Transaction Management in the R* Distributed Datbase Management System

C. Mohan et al.

Summary by Feng Zhou
2/25/2004

Strong points of the paper are:

  1. Hierarchical 2P is a simple but useful extension to the original 2PL protocol.  Basically nonleaf, nonroot processes act as both coordinators (for their child processes) and subordinates (for their parent processes). The protocol proceeds in a hierarchical way recursively. The intermediate processes wait for all their children to finish preparation before it moves to "prepared" state and reports to its coordinator, etc.
  2. The PA protocol exploits the fact that in normal 2PL, aborts are assume is the coordinator knows nothing about a transaction.
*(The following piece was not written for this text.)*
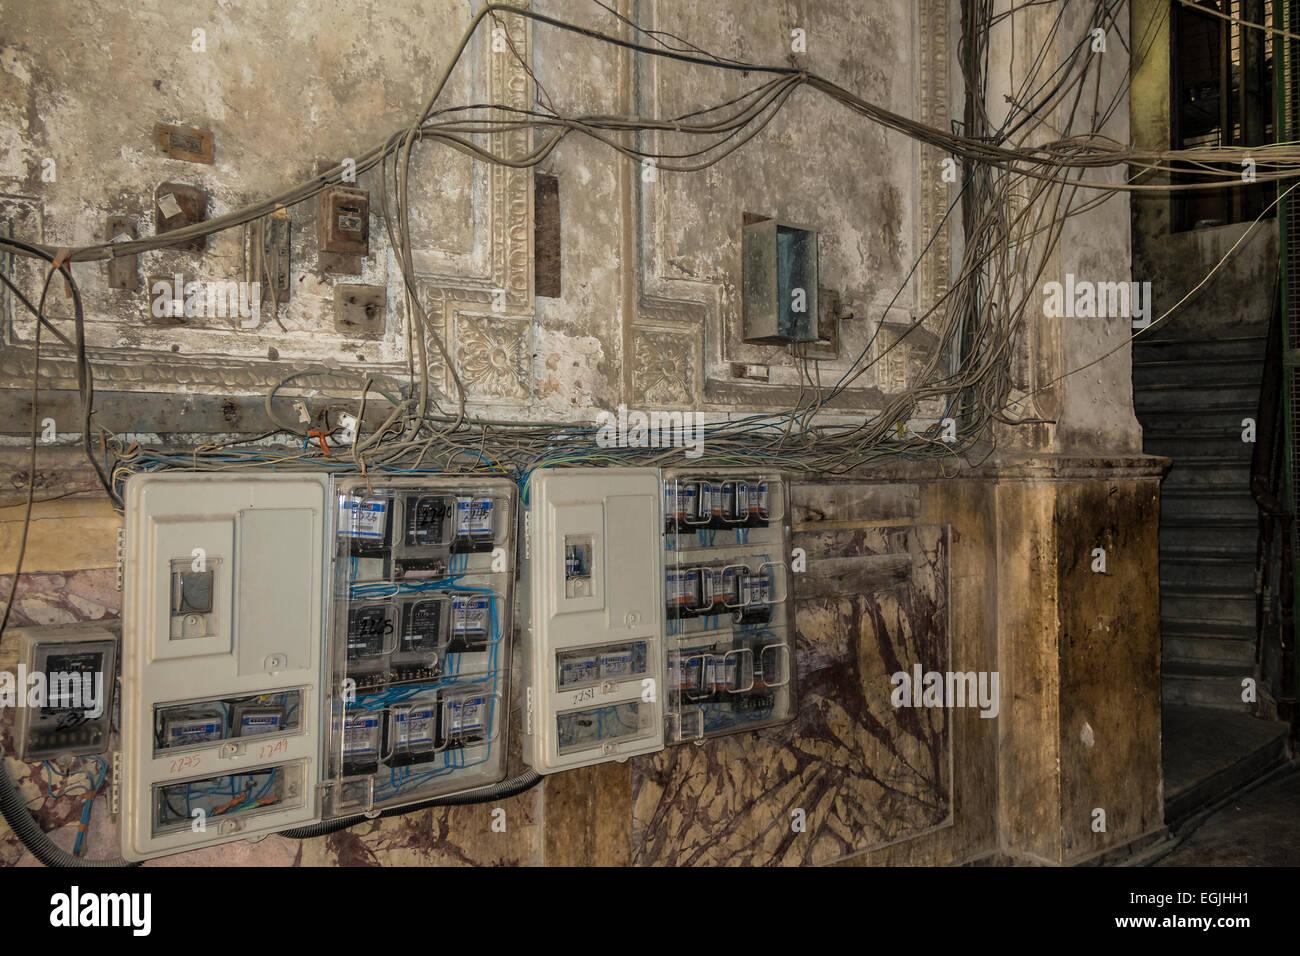 Erfreut Gebäude Elektrische Verkabelung Bilder - Elektrische ...

Therefore the coordinator can actually forgets about the transaction as soon as it determines the end result of a transaction is "abort". Also no log-force or ACK is required for aborts because of this fact, on both the coordinator and the subordinates.  Another optimization is for partially read-only transactions, read-only processes only needs to participate in the first phase of the transaction.
  3. The PC protocol optimizes for the common case of transaction succeeding, which is reasonable. Instead of assuming aborts as in 2PL and PA, PC assumes transactions to be successful.  In order to make the protocol correct, a "collect" record is forced to the log before the prepare messages are sent by the coordinator.  It marks the start of the prepare phase and records all participators.  With this modification, the coordinator has the ability to explicitate abort all subordinates during its own recovery process in case it crashes before committing a transaction. Therefore it doesn't need to make sure all commits are done before forgetting about a transaction. Thus the subordinates don't need to force the commit record nor send ACK for the commit operation.
One major flaw.

The reasons listed for choosing a local victim in case of global deadlock is not convincing.  The authors mention that extra latency could be introduced if a remote victim is chosen, which could be bad.  But why this offsets the cost of aborting a more expensive transaction is not clear.